I'm going to say this one last time. The sampling theorem doesn't attempt to deal with "errors", such as those caused by non-ideal filters. Please stop stating the same thing time and time again; everyone already knows that the theorem is based on an ideal case. It has nothing to do with "multimeters and oscilloscopes". The only theoretical difference between "analog multiplexing" and A-D conversion is the quantisation. To say that there is "no understanding of the signals..." is total nonsense. Please stop posting the same mis-informed points!

Incidentally, Nyquist uses the term "D.C." in the context of "DC-wave", as the opposite of "Carrier wave"; we would call these "baseband" and "passband" signalling today.

If you have something on "the conversion of the signals from analog to digital form and reconstruction" from a Reliable source, then please post it here, and we'll take a look. Your own papers aren't going to do it, I'm afraid. However, even if you do find something, it's unlikely to make it into the article, because the article is about the original theorem. Oli Filth^{(talk|contribs)} 11:37, 28 December 2008 (UTC)[reply]

---

Hello!

1. No need to repeat more times. From my point of view the "Nyquist-Shannon theorem" does not exists, and what exists is not applicable fully (even largely)into practice. You are free to think that it exists and the people use it.

• And you are free to not to accept it! (although saying "it doesn't exist" is meaningless...) Yes, of course people use it. It's been the basis of a large part of information theory, comms theory and signal-processing theory for the last 60 years or so.

2. Please note that there are "representative" (simplified but still utilizable) and "non-representative" ("oversimplified" and not usable ) models. The "original theorem" is based on the "oversimplified" model and is not representable.

• You still haven't said why. Remember, one can approximate the ideal as closely as one desires.

3. I have seen the "DC" of Nyquist before your note and I am not accepting it.

• I have no idea what you mean, I'm afraid.

4. Because I am not a "reliable source" I will not spam any more the talks here.

• You're free to write what you like on the talk page (within reason - see WP:TALK). However, we can only put reliable material into the article itself.

5. If you insist on the "original theorem", please copy and paste "exactly" the texts of Nyquist, Shannon, Kotelnikov,etc. which you think are relevant to the subject and let the readers to put their own remarks and conclusions outside the "original" texts. You could put your own, of course. OK?

• The article already has the exact text from Shannon's paper. I'm not sure what more you expect?

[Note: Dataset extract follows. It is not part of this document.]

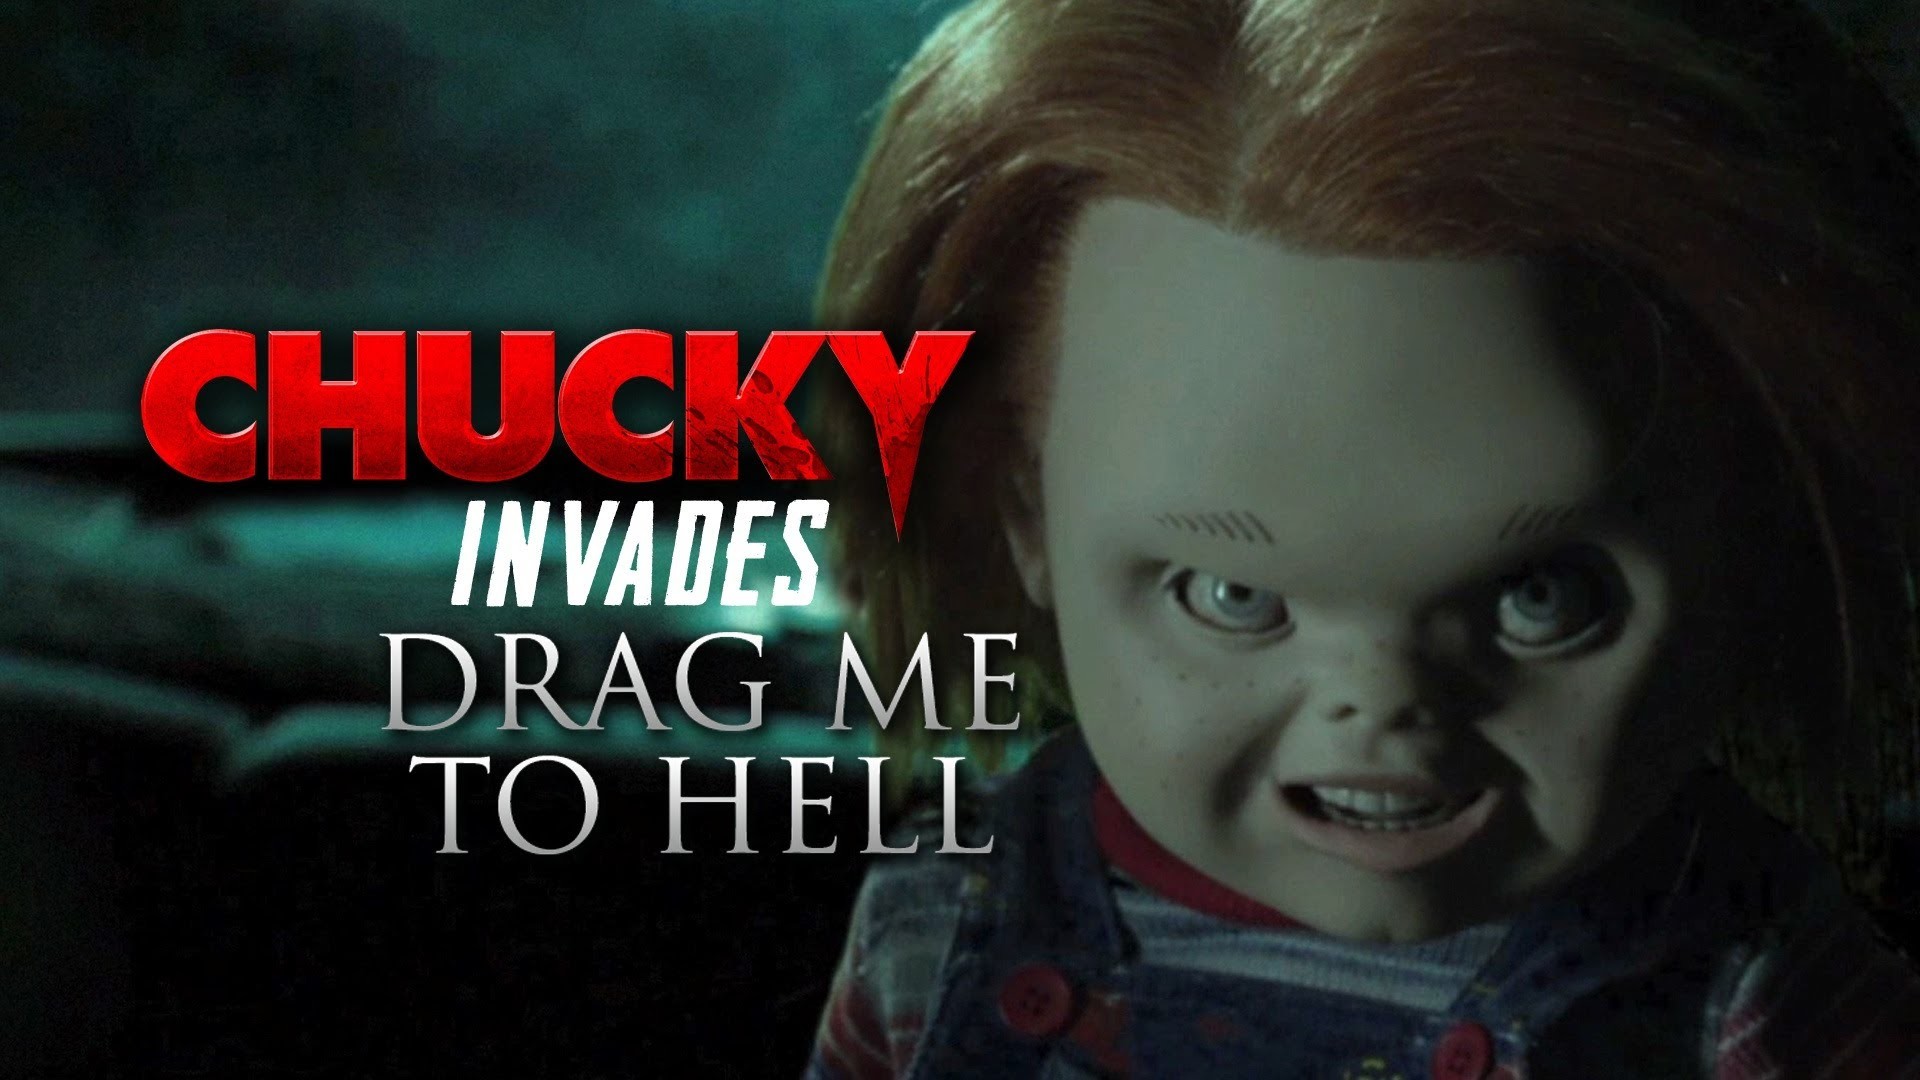 1920x1080 Chucky Invades Drag Me To Hell - Horror Movie MashUp (2013) Film HD -  YouTube

6. I have put here a lot of questions and texts without individual answers. If Wikipedia keep them someone will answer and comment them (may be).

• I believe I've answered all the meaningful questions. But yes, this text will be kept.

7. I do not believe that my own papers will change something in the better direction, but someone will change it because the theory (with “representative” models) and the practice should go in the same direction and the errors (“differences”) should be evaluated.

• The cause of your "errors" is already well understood. For instance, CD players since the late 1980s onwards use oversampling DACs and sinc-compensation filters to eliminate these "errors". That's not due to a limitation in the theory, it's due to hardware limitations. The solution can be explained with the sampling theorem. Oli Filth^{(talk|contribs)} 15:09, 28 December 2008 (UTC)[reply]

Good luck again. I am not sure that I will answer promptly to any comment (if any) posted here.

BR Petre Petrov

I noticed some oscillation between 65.60.217.105 and Oli Filth about what to say about the conditions on x(t). I would suggest we remove the parenthetical comment

"(which exists if ${\displaystyle x(t)\,}$ is square-integrable)"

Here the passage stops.